Table 3, along with Figure 4 and Figure 5, shows the number of research publications per year for the six enabling technology areas for Big Data that we identified. Figure 4 and Figure 5 show that the research publication totals for the Big Data-enabling technologies of deep learning and edge or fog computing are increasing, whereas the research publication totals for the other Big Data-enabling technologies are decreasing or at least seem to have passed their peak values.

Table 3. The number of research publications per year for the six enabling technologies for Big Data that we identified.

Figure 4. The number of research publications per year for the Big Data-enabling technologies deep learning and cloud computing.
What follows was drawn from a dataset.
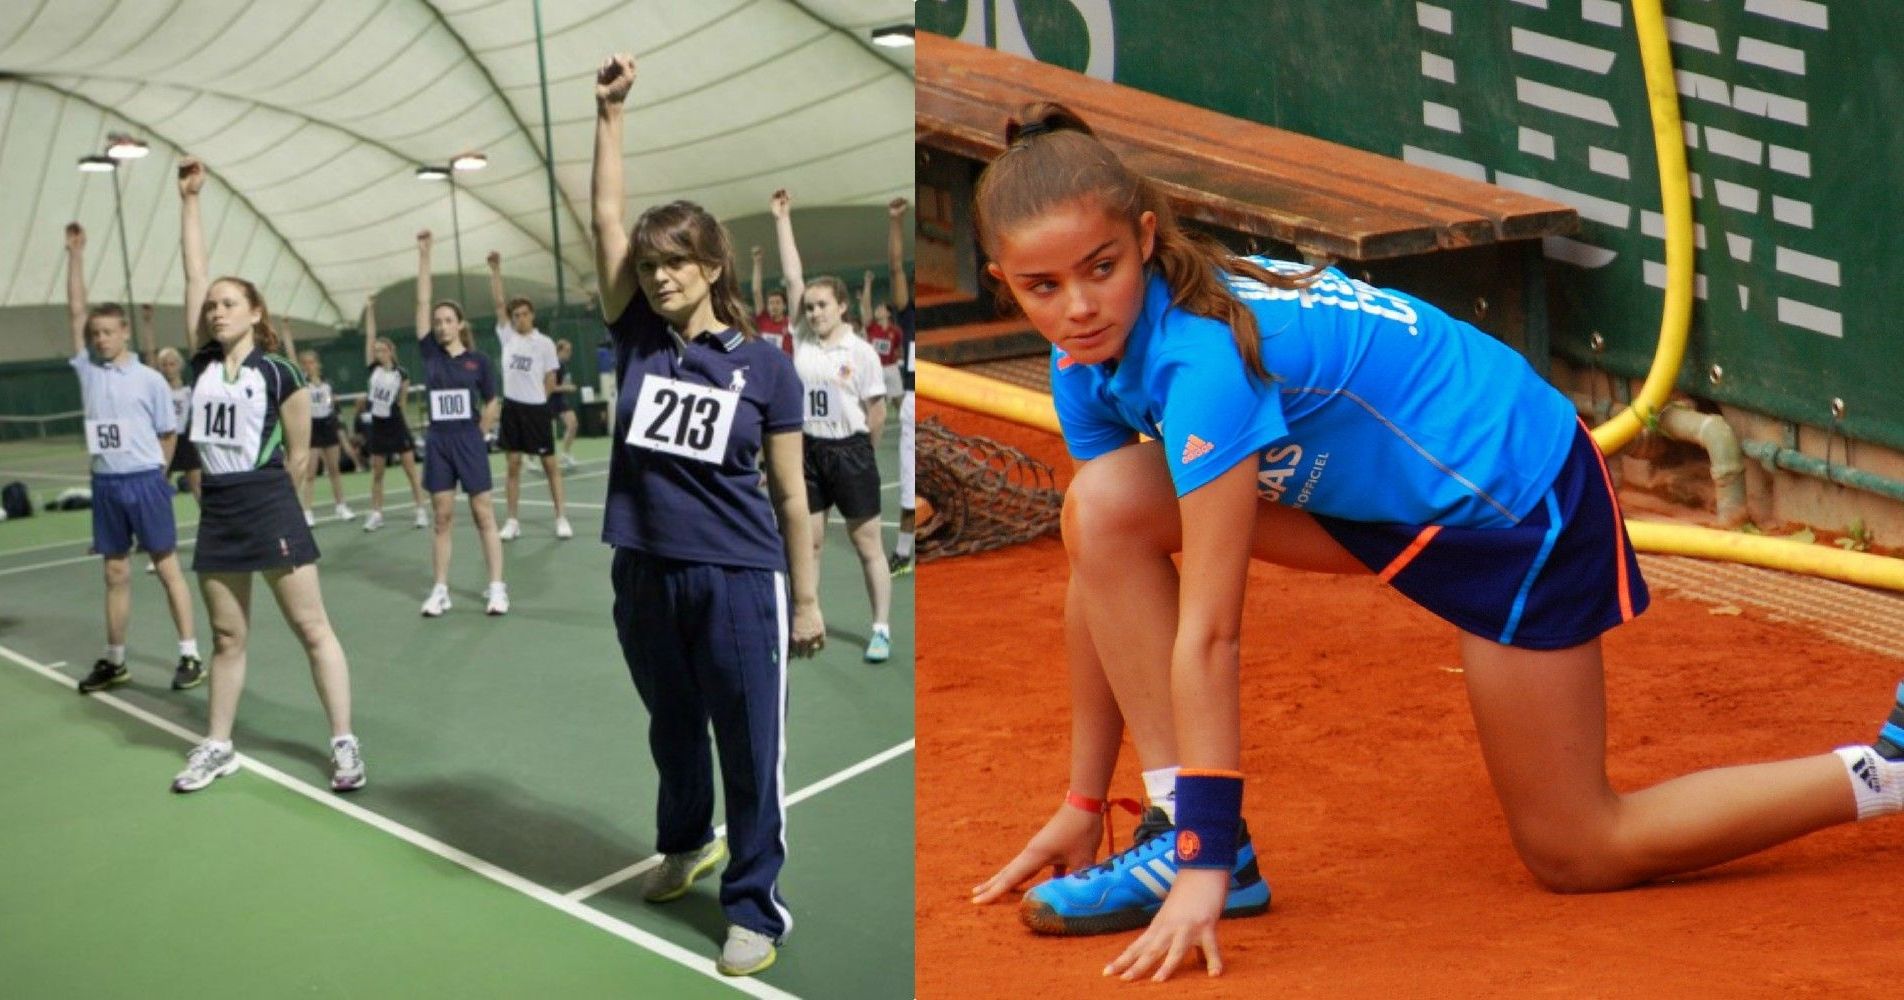 Ever Wondered How Ball Boys And Girls Are So Quick On The Tennis Court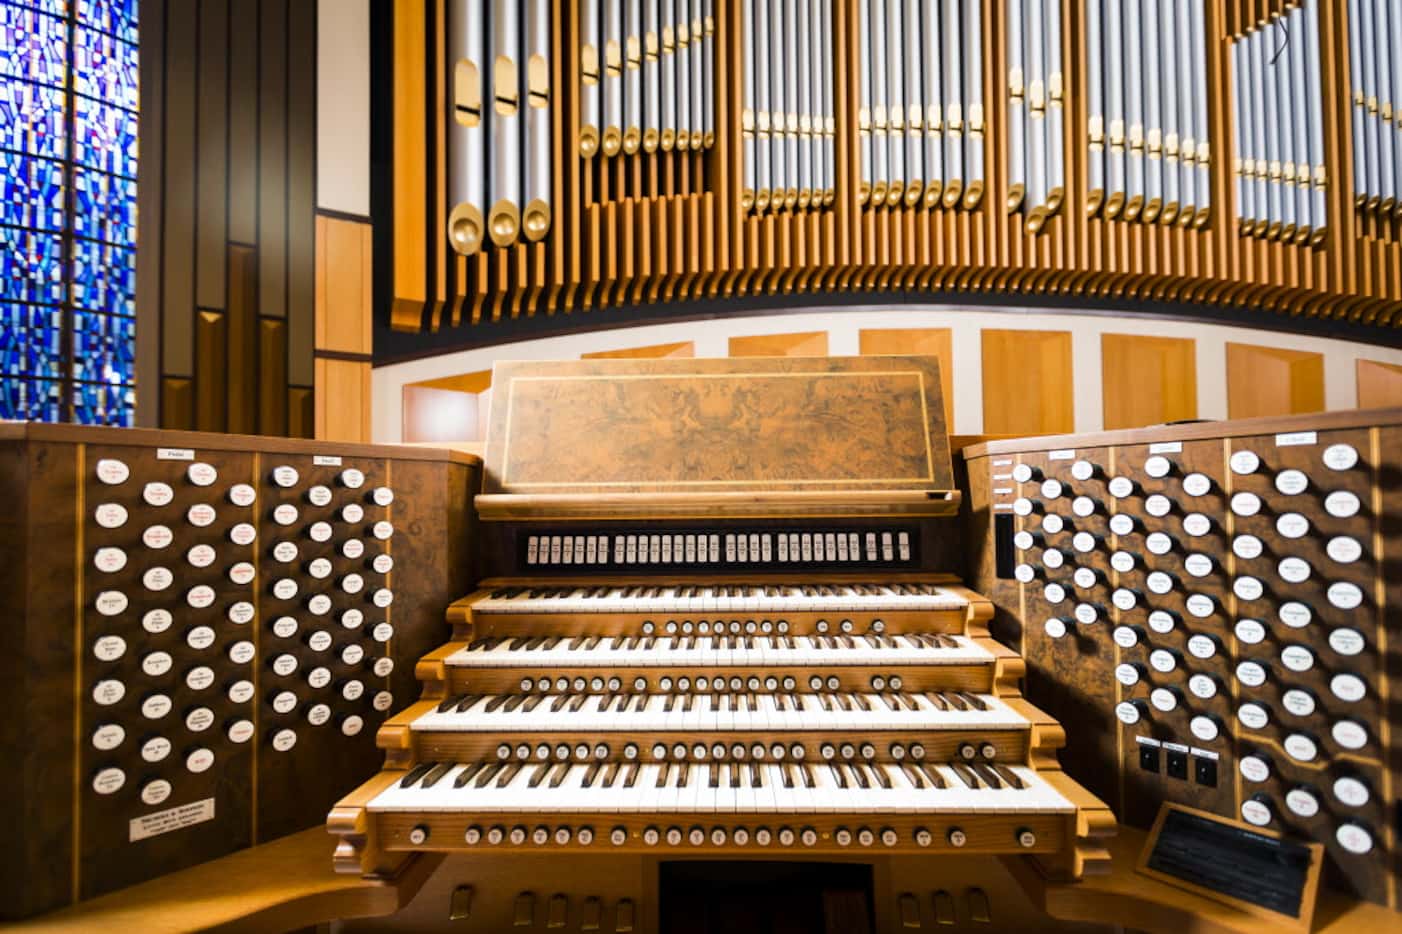 The console and case of the pipe organ at St. Monica Catholic Church in Dallas.

Figure 5. The number of research publications per year for the Big Data-enabling technologies of high-performance computing or supercomputing; parallel processing, distributed processing or GPU; storage systems, database systems or data lakes and edge computing or fog computing.

Table 4 and Figure 6 show the number of research publications in Big Data per year for different geographic regions. Figure 6 shows that two geographic regions are dominating: USA and China. The figure also shows that the number of research publications in Big Data from China is increasing, whereas the number research publications in Big Data from the USA and the rest of the world is decreasing. Today, China is clearly the part of the world where most research in the area of Big Data is conducted.

Table 4. The number of research publications in Big Data per year for different geographic regions.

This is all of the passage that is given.